<<<<

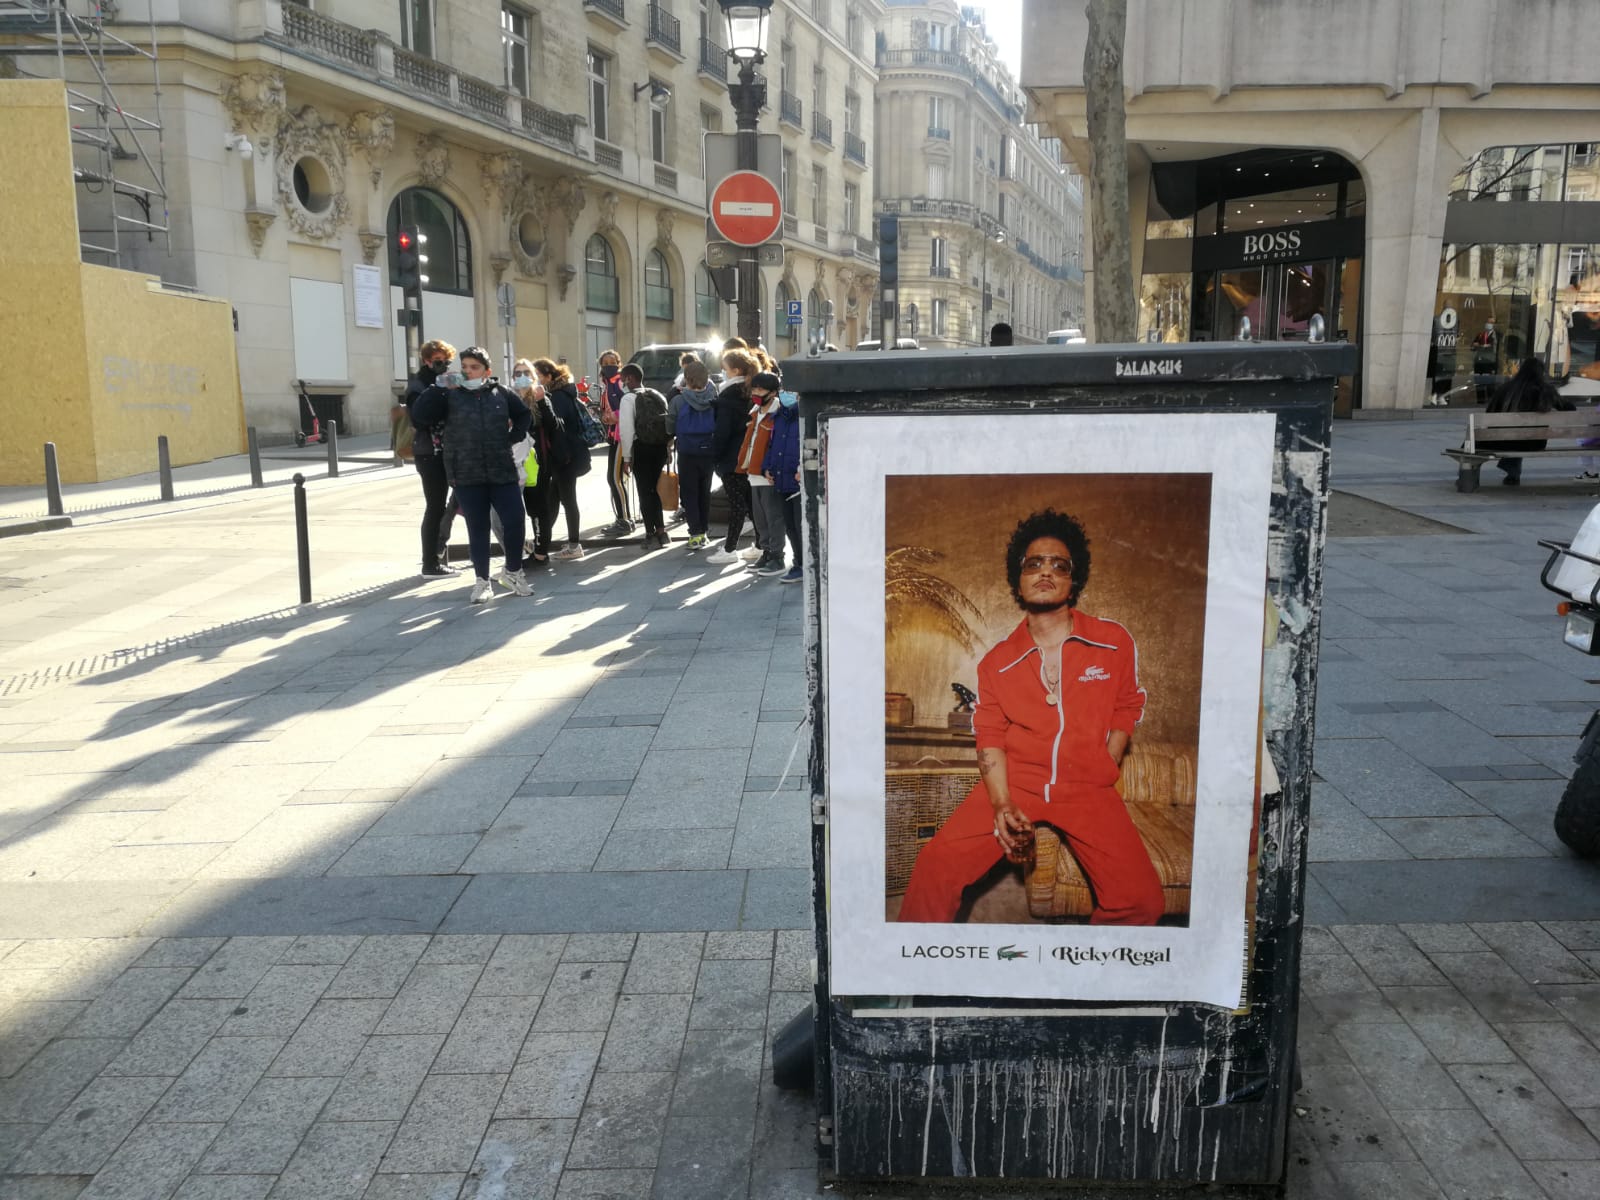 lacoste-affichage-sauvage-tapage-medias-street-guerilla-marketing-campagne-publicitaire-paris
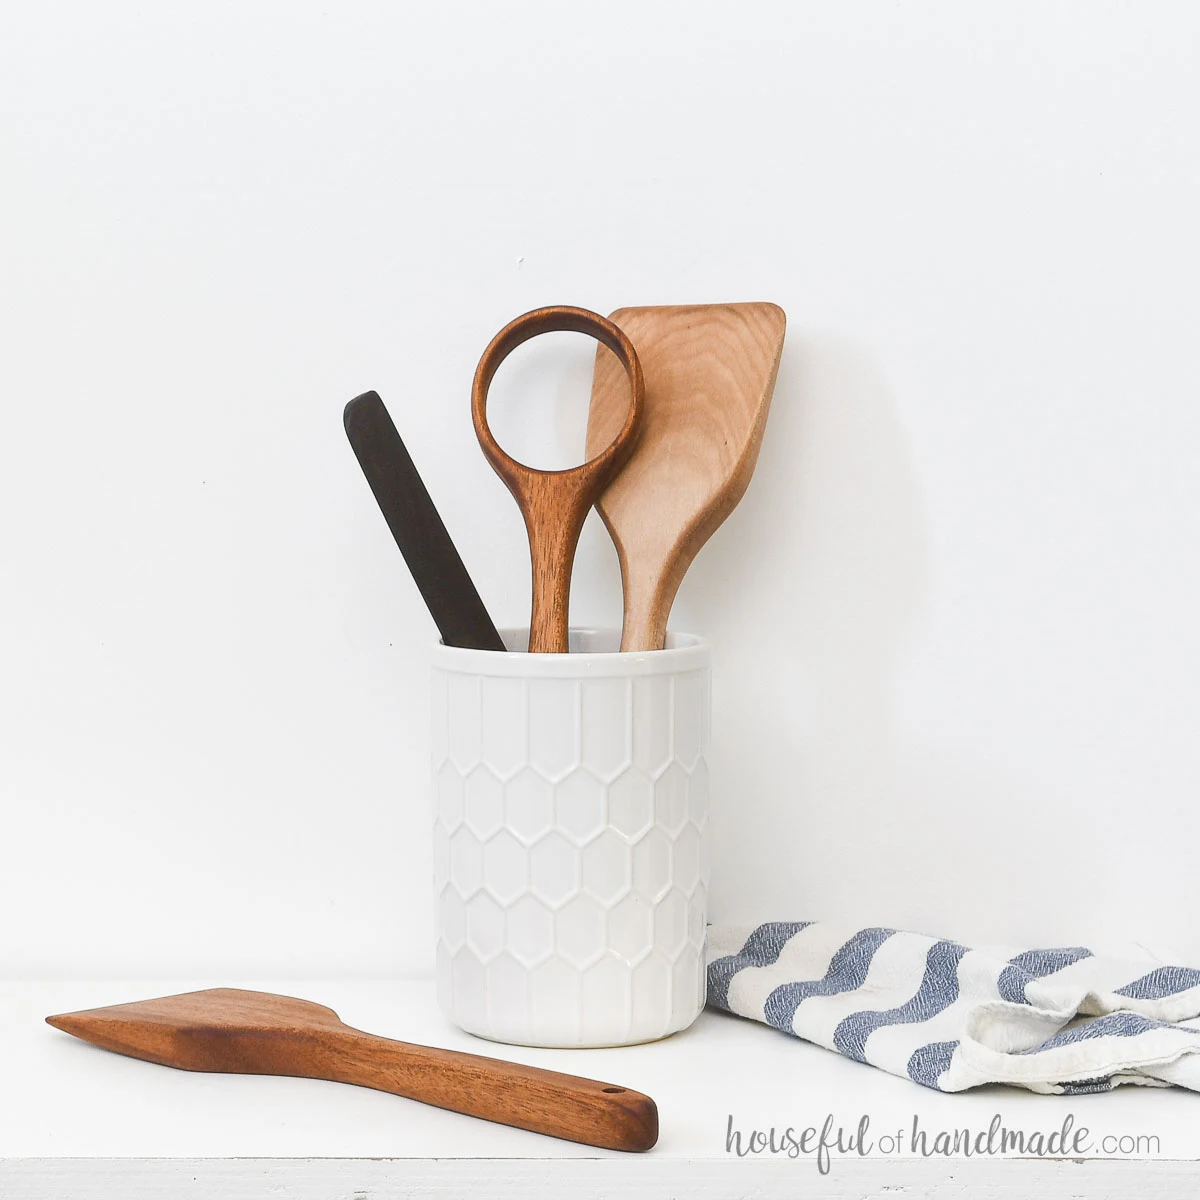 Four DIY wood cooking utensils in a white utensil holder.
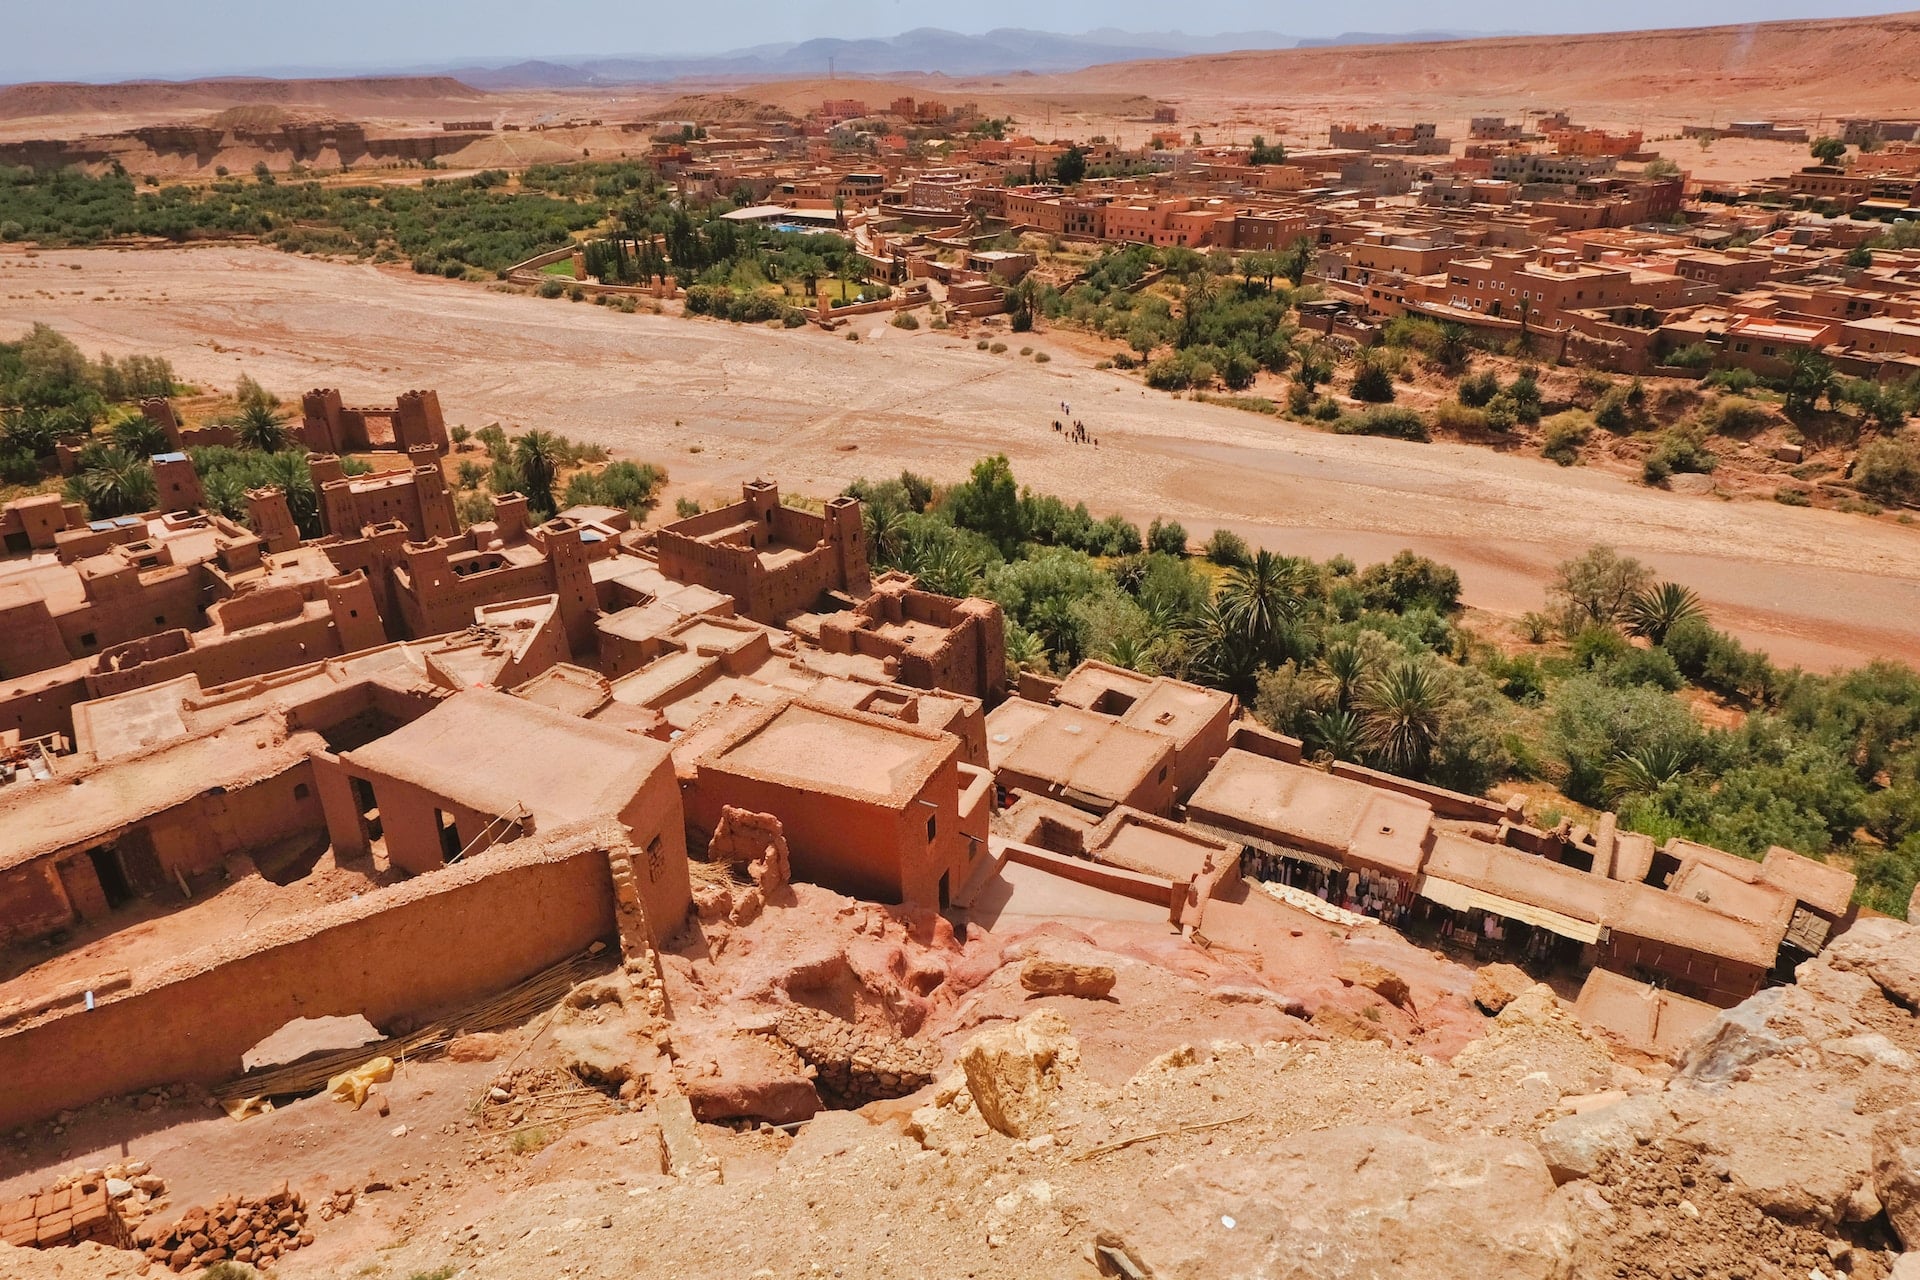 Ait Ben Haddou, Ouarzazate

>>>>

What the task requires: Make an exact copy of the lines from the one holding "Four DIY wood" through the end of the material, both ends included, and keep the pictures out of it.

Solution for this exercise:
 Four DIY wood cooking utensils in a white utensil holder.
 Ait Ben Haddou, Ouarzazate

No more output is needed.